First, we begin using the tidytext package to tokenize all the words in the blogs dataset.
current_token <- twitter_data %>%
unnest_tokens(word, text)
There are 2360148 lines of text and 30093372 words in this dataset. Next we present a brief table of the most frequently occurring words.
current_token %>%
count(word, sort = TRUE)
## # A tibble: 370,388 x 2
## word n
## <chr> <int>
## 1 the 937405
## 2 to 788645
## 3 i 723447
## 4 a 611358
## 5 you 548089
## 6 and 438538
## 7 for 385348
## 8 in 380376
## 9 of 359635
## 10 is 358775
## # … with 370,378 more rows
Clearly, the most frequent words are stop words (i.e. the, and, to, a). Plotting a histogram of word counts confirms that these stop words may cause issues.
current_token_count <- current_token %>%
count(word, sort = TRUE)
ggplot(current_token_count, aes(x = n)) + geom_histogram()
## `stat_bin()` using `bins = 30`. Pick better value with `binwidth`.
As such, we’ll use an antijoin to remove the stopwards and then display the top words by count and the histogram of the results.
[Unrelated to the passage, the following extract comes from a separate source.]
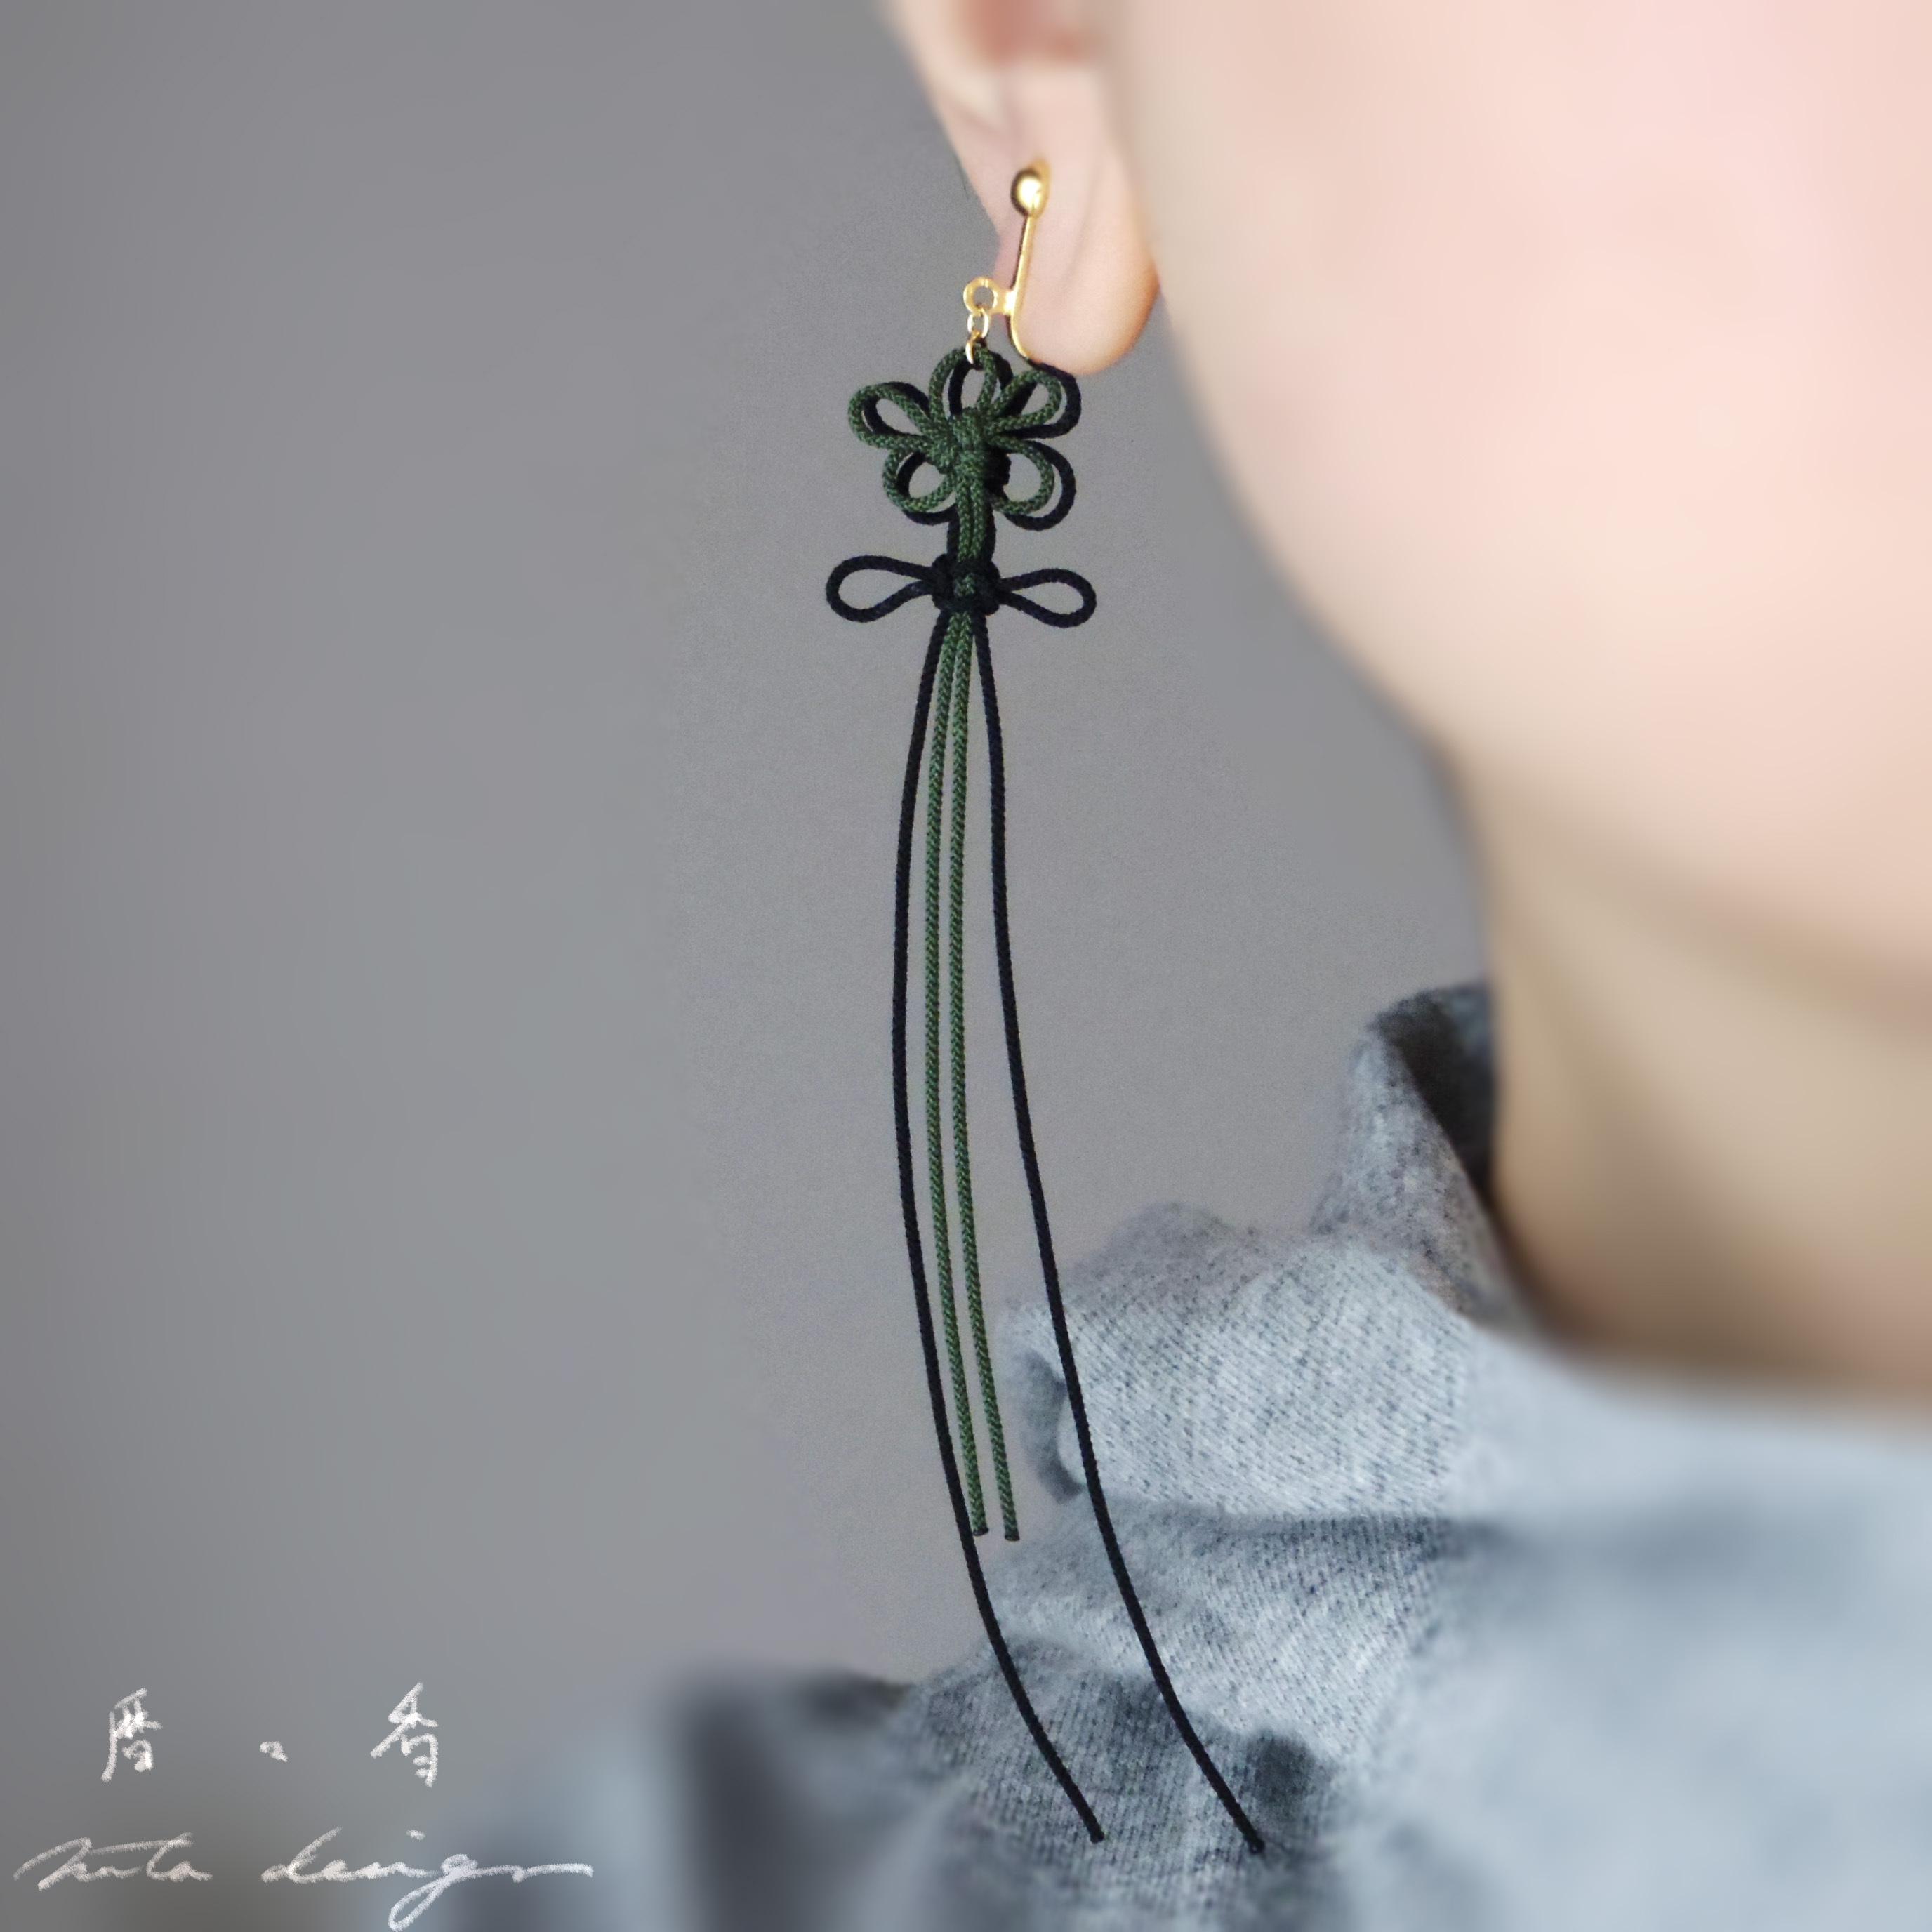 2021.9.14. up かたっぽピアス「暦々香」(深緑×黒)
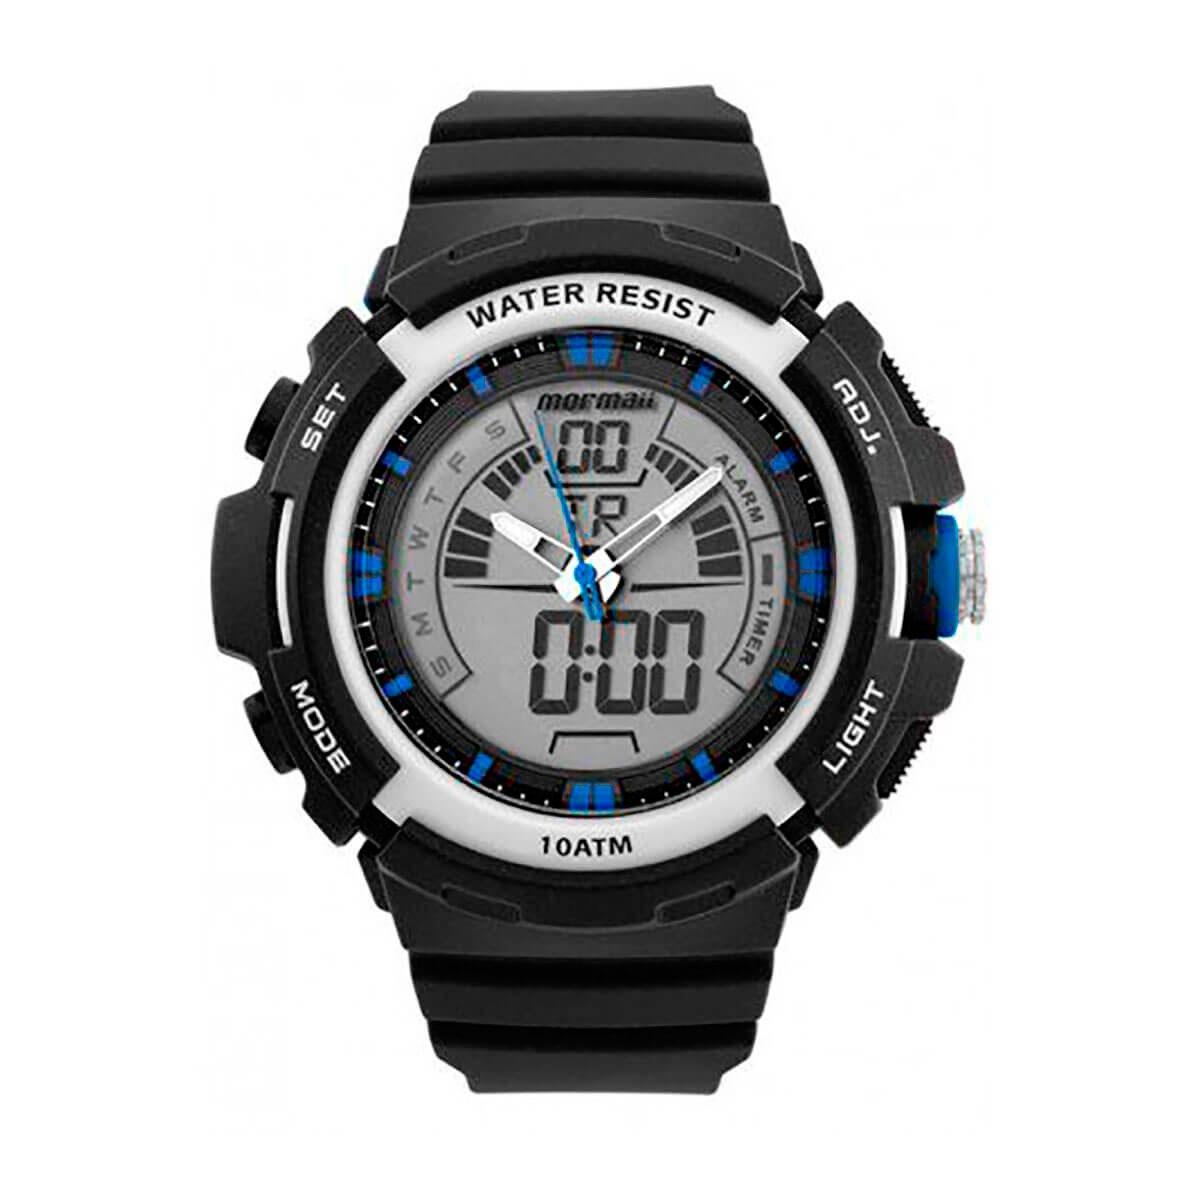 743cb94859e14 Relógio Mormaii Wave Masculino Moad08902 8a - R  214

current_token_no_stop <- current_token %>%
anti_join(stop_words)
## Joining, by = "word"
current_token_no_stop %>%
count(word, sort = TRUE)
## # A tibble: 369,663 x 2
## word n
## <chr> <int>
## 1 love 106721
## 2 day 91710
## 3 rt 89537
## 4 time 76794
## 5 lol 70133
## 6 3 54940
## 7 people 52040
## 8 happy 48998
## 9 follow 48104
## 10 2 45515
## # … with 369,653 more rows
current_token_no_stop_count <- current_token_no_stop %>%
count(word, sort = TRUE)
ggplot(current_token_no_stop_count, aes(x = n)) + geom_histogram()
## `stat_bin()` using `bins = 30`. Pick better value with `binwidth`.
current_token_no_stop_count %>%
with(wordcloud(word, n, random.order = FALSE, max.words = 50))
There is still a large concentration of words with low counts but the removal of the stop words has made the resultant frequency table more informative.